_ASSIGNMENT_
The result should be an exact copy of the data, free of pictures.

_RECORDED INFORMATION_

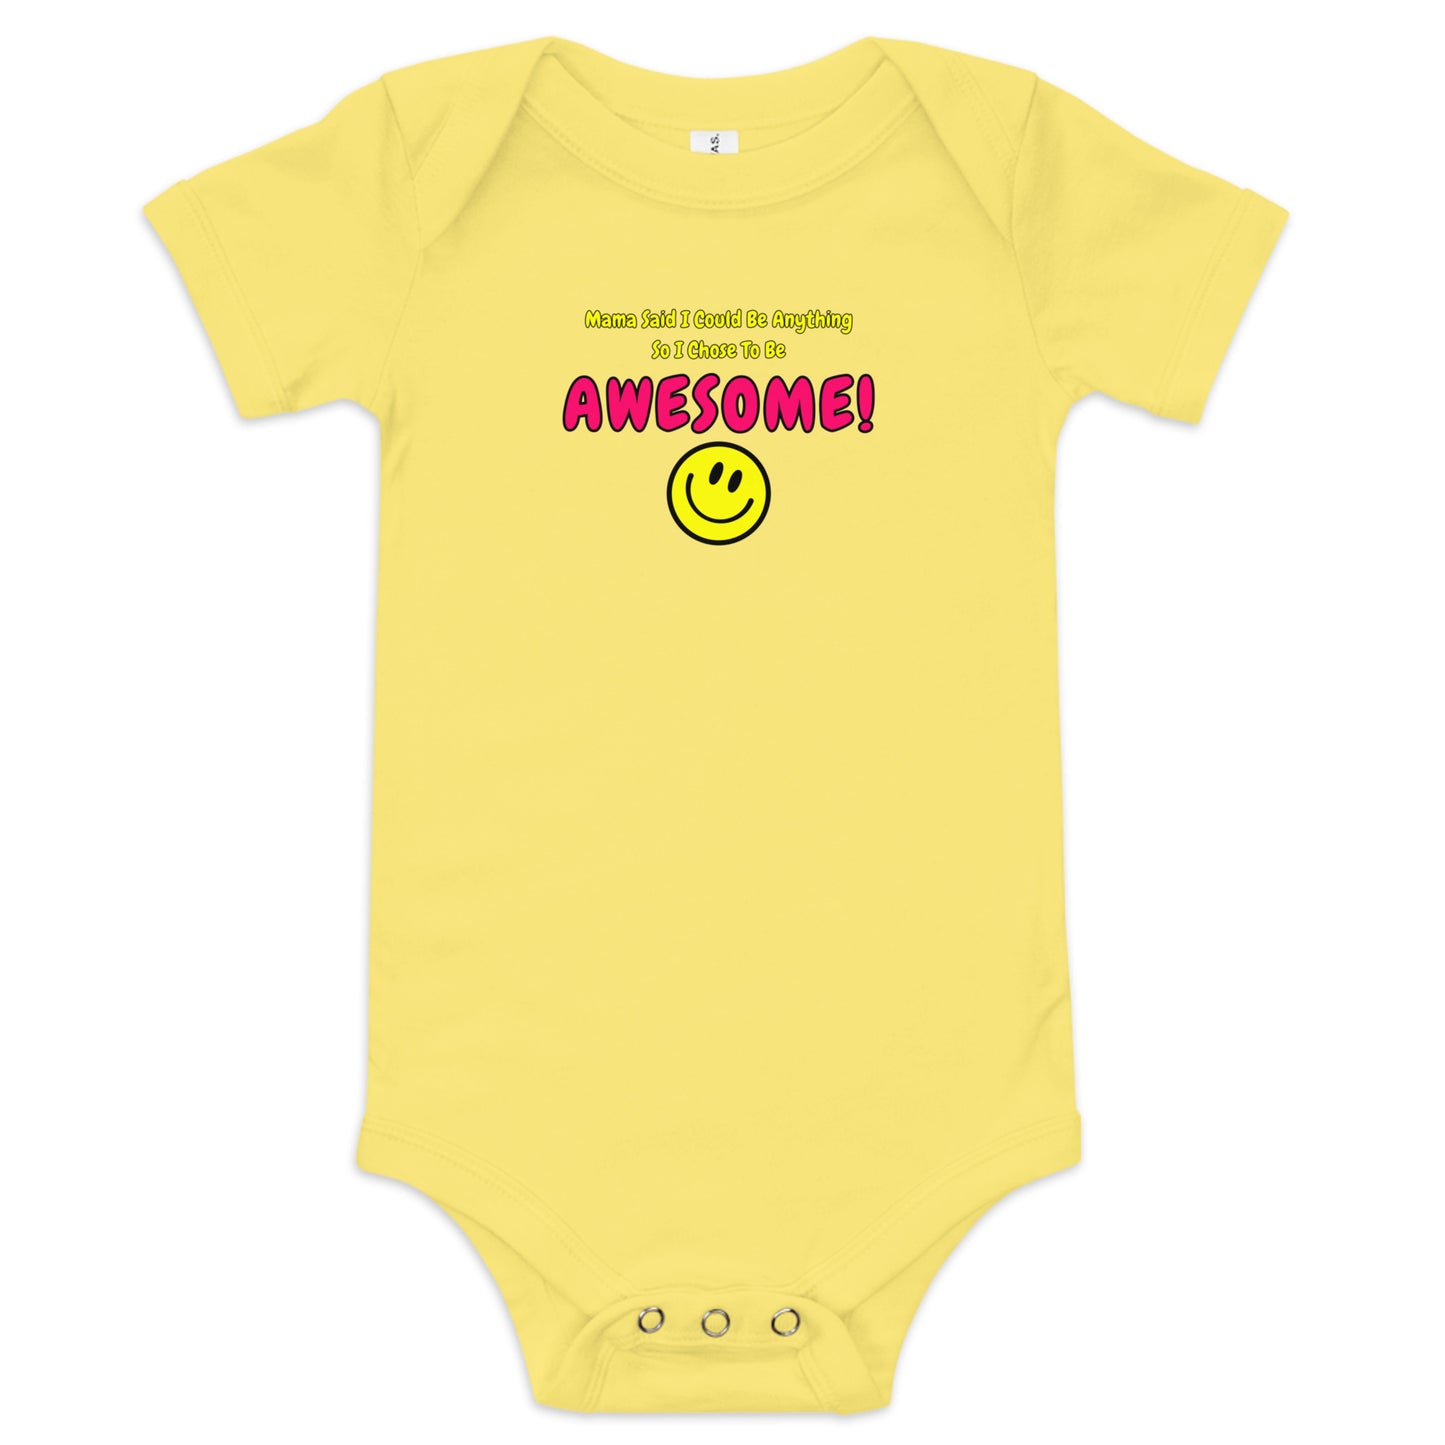 Mama Said I Could Be Anything So I Chose To Be AWESOME! Baby short sleeve one piece
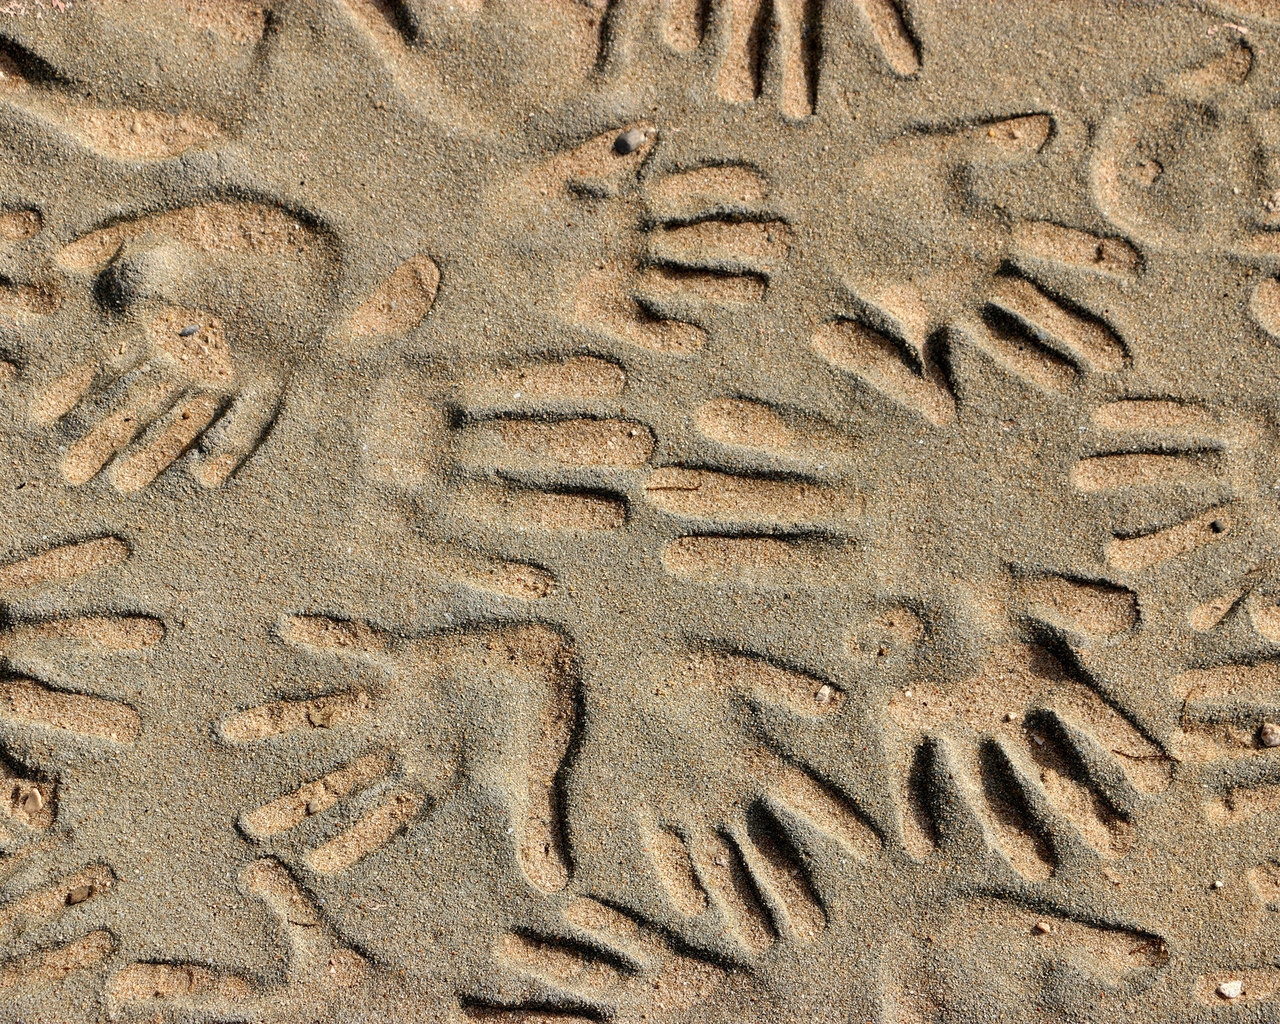 Handprints in the Sand for 1280 x 1024 resolution
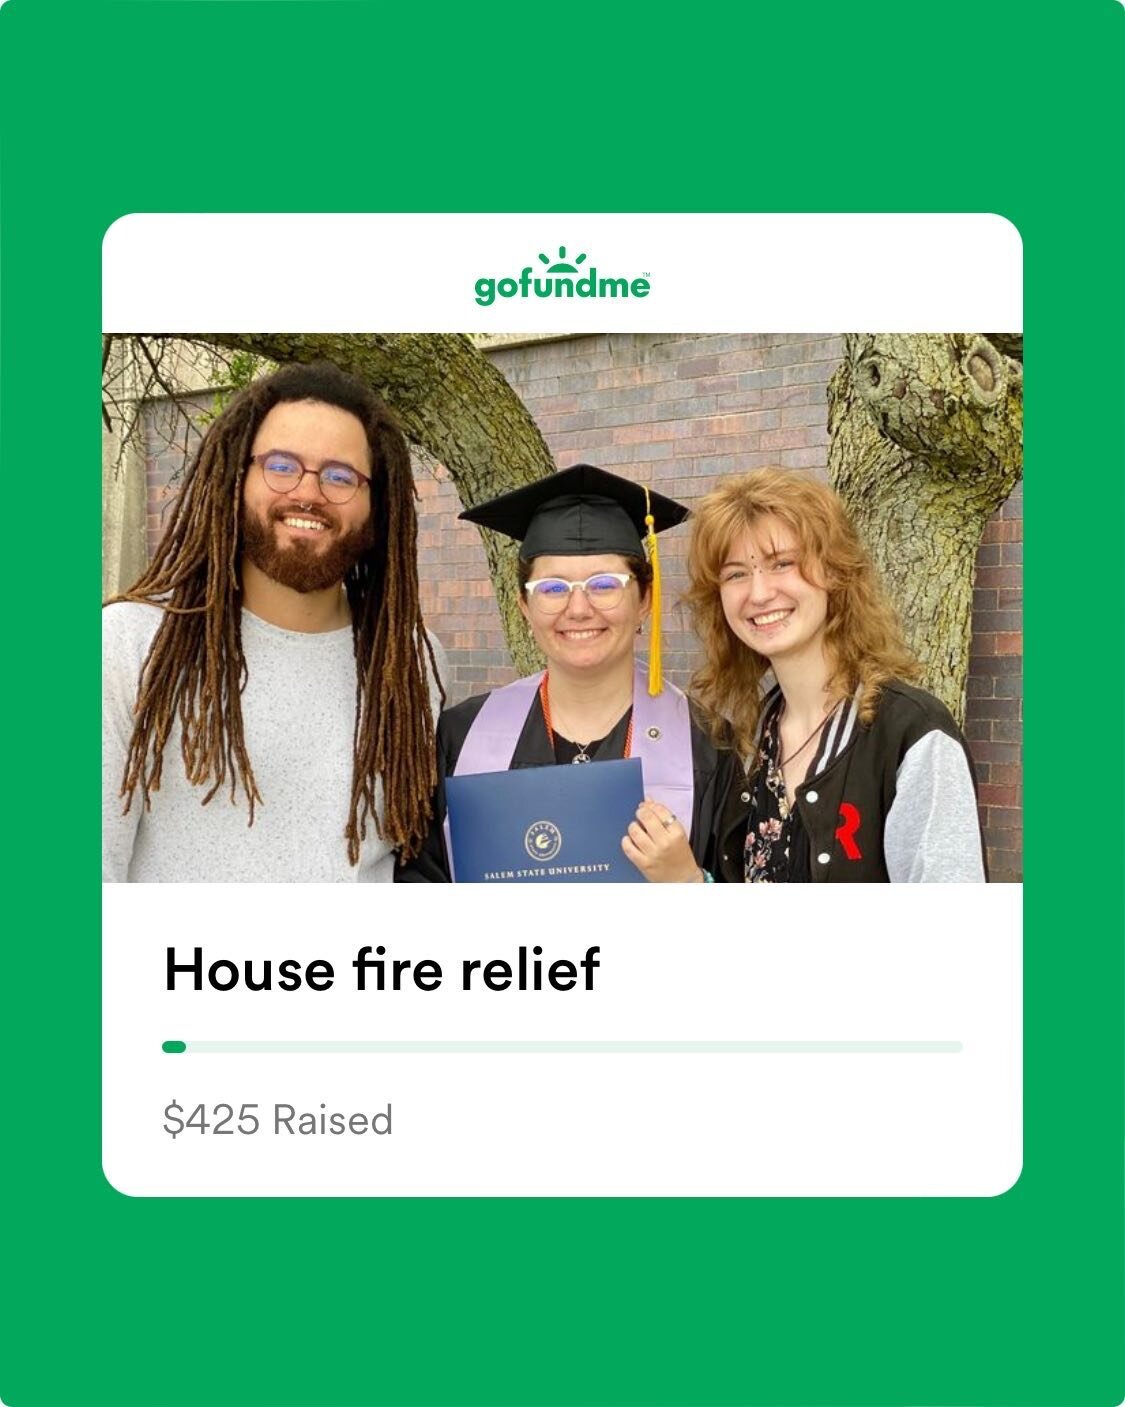 My wonderful daughter, Anastasia, her husband Obi, and their friend Kris, have faced an unimaginable tragedy. This past Friday, in Lowell, MA, they lost their home to a devastating house fire, along with every possession they held dear, and their bel
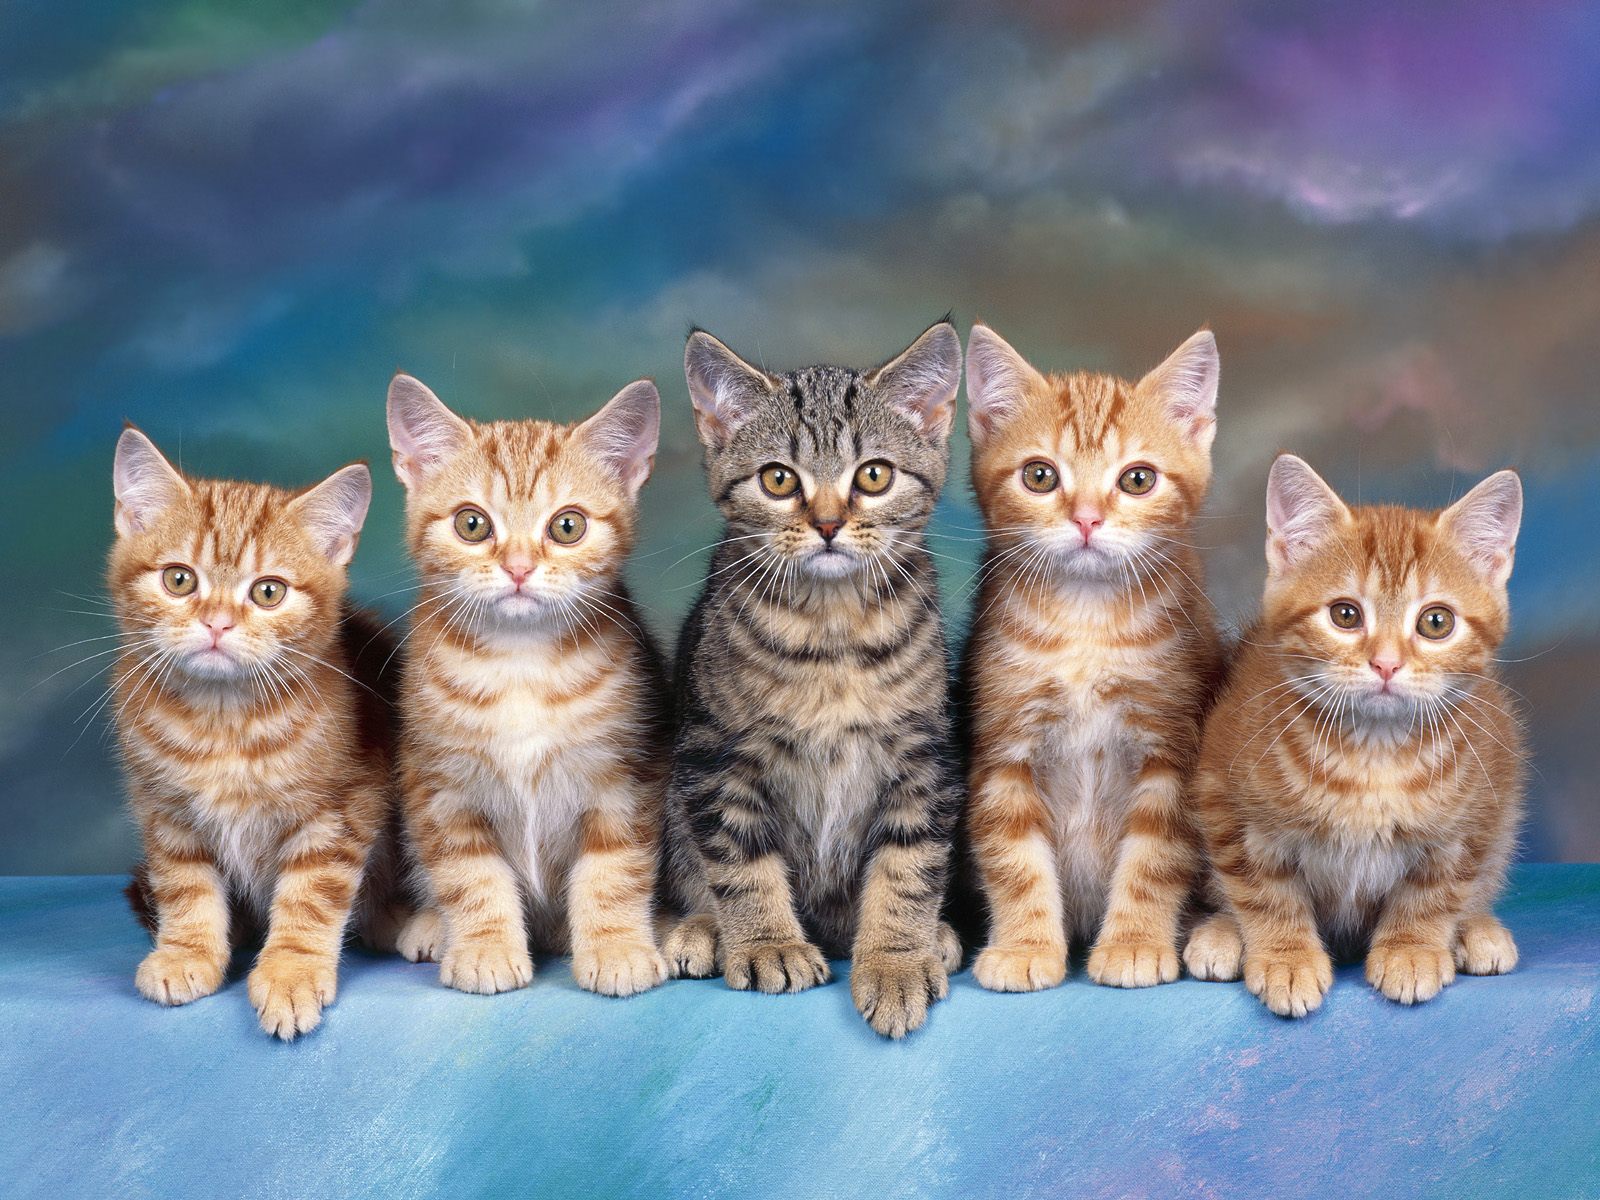 Tabby Kittens   Free Animals Wallpaper Image with Cats

_EXPECTED ANSWER_
 Mama Said I Could Be Anything So I Chose To Be AWESOME! Baby short sleeve one piece
 Handprints in the Sand for 1280 x 1024 resolution
 My wonderful daughter, Anastasia, her husband Obi, and their friend Kris, have faced an unimaginable tragedy. This past Friday, in Lowell, MA, they lost their home to a devastating house fire, along with every possession they held dear, and their bel
 Tabby Kittens   Free Animals Wallpaper Image with Cats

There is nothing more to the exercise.